E lei da figlio veniva ascoltato da suo padre?
«Io ho la soddisfazione di aver lavorato con i miei genitori che è molto di più, non c’era solo il rapporto padre figlio tra di noi. A 18 anni appena finita la scuola mio padre mi disse che voleva 30 maschere e che dovevano essere pronte in un mese e mezzo. Io non sapevo come fare, lui mi prese per mano e mi insegnò, mi disse dove dovevo andare, da chi dovevo imparare. Ebbe le sue maschere nei tempi giusti. Mio padre lavorava molto sulla fiducia, così ti sentivi più forte e davi il massimo. Era una modalità felice del suo lavoro».

E l’Università di Alcatraz a chi venne in mente?
«Papà voleva mettere in piedi una scuola di teatro ma non si capiva ancora dove. Io vedevo che i boschi intorno a casa mia venivano distrutti. Gli dissi come fosse una provocazione: “Compriamo i terreni qui intorno, salviamo i boschi e facciamo la scuola”. Temevo mi prendesse per scemo, invece ne fu entusiasta».

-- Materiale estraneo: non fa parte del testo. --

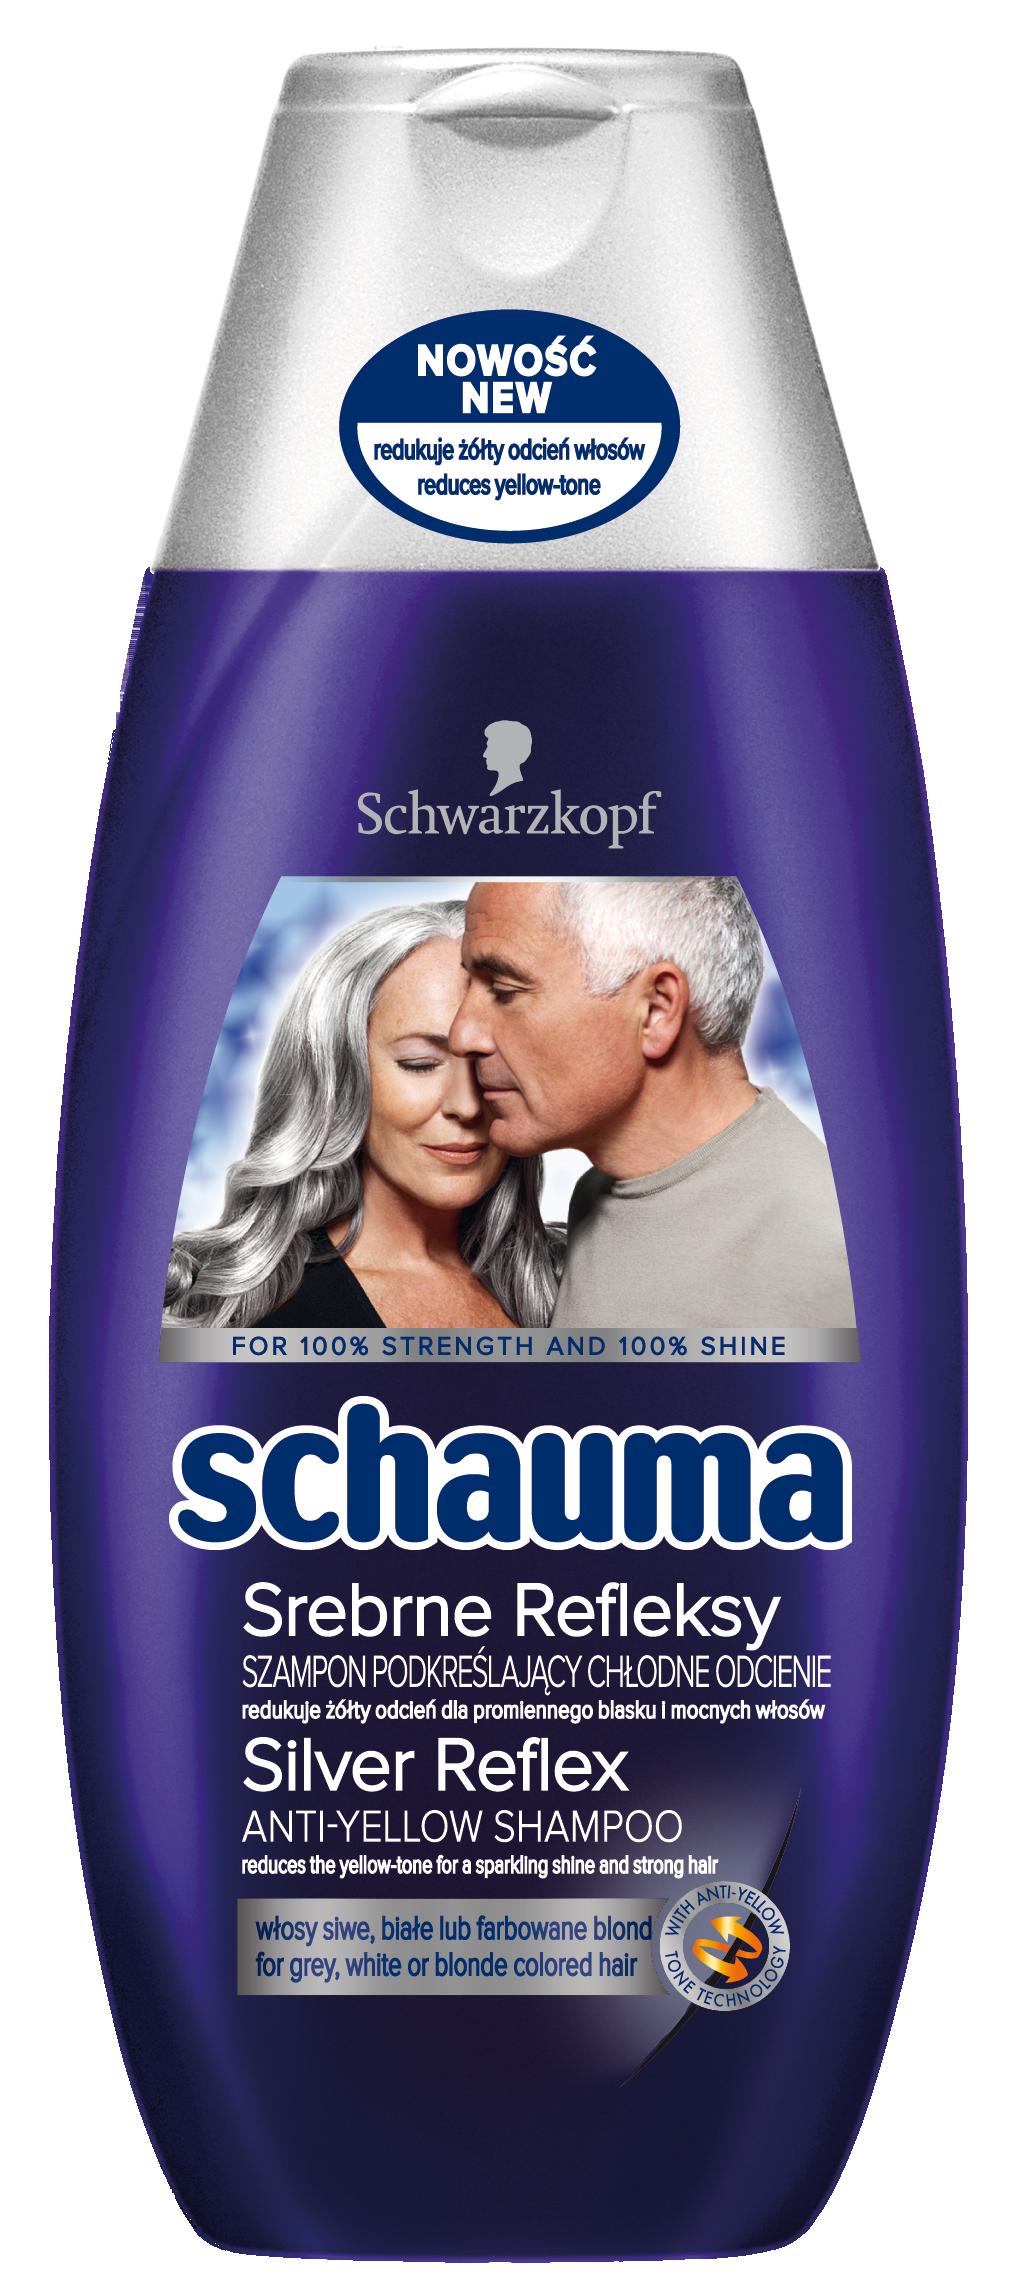 Schauma_Srebrne_Refleksy_szampon_250_m

Ci sono stati degli episodi che hanno fatto indignare suo padre?
«Quando fu cacciato da Canzonissima in Rai. Tutti dissero che era successo perché aveva denunciato gli incidenti sul lavoro. Ma non era così o lo era solo in piccola parte. La censura arrivò perché nel 1962 in televisione, lui si era permesso di parlare della mafia. Malagodi in Parlamento si scagliò contro i miei genitori chiamandoli “guitti”, colpevoli a suo avviso di aver denigrato tutta la popolazione siciliana. Fu pazzesco».

E che cosa lo feriva?
«Quando scrivevano che essere ribelle gli era convenuto. Frasi ignobili che leggo ancora adesso. Un’infamia che prescinde da quanto accadeva in famiglia, io scortato a scuola dai carabinieri perché ci era arrivata una lettera anonima scritta con il sangue nella quale si spiegavano tutte le sevizie che avrei subito prima di essere sgozzato. Senza parlare di tutto il resto».

Fu molto stupito quando seppe che gli avevano dato il Nobel?
«Felice tantissimo ma non troppo stupito. Da sempre mia nonna continuava a ripetergli: “Tu vincerai il Nobel”».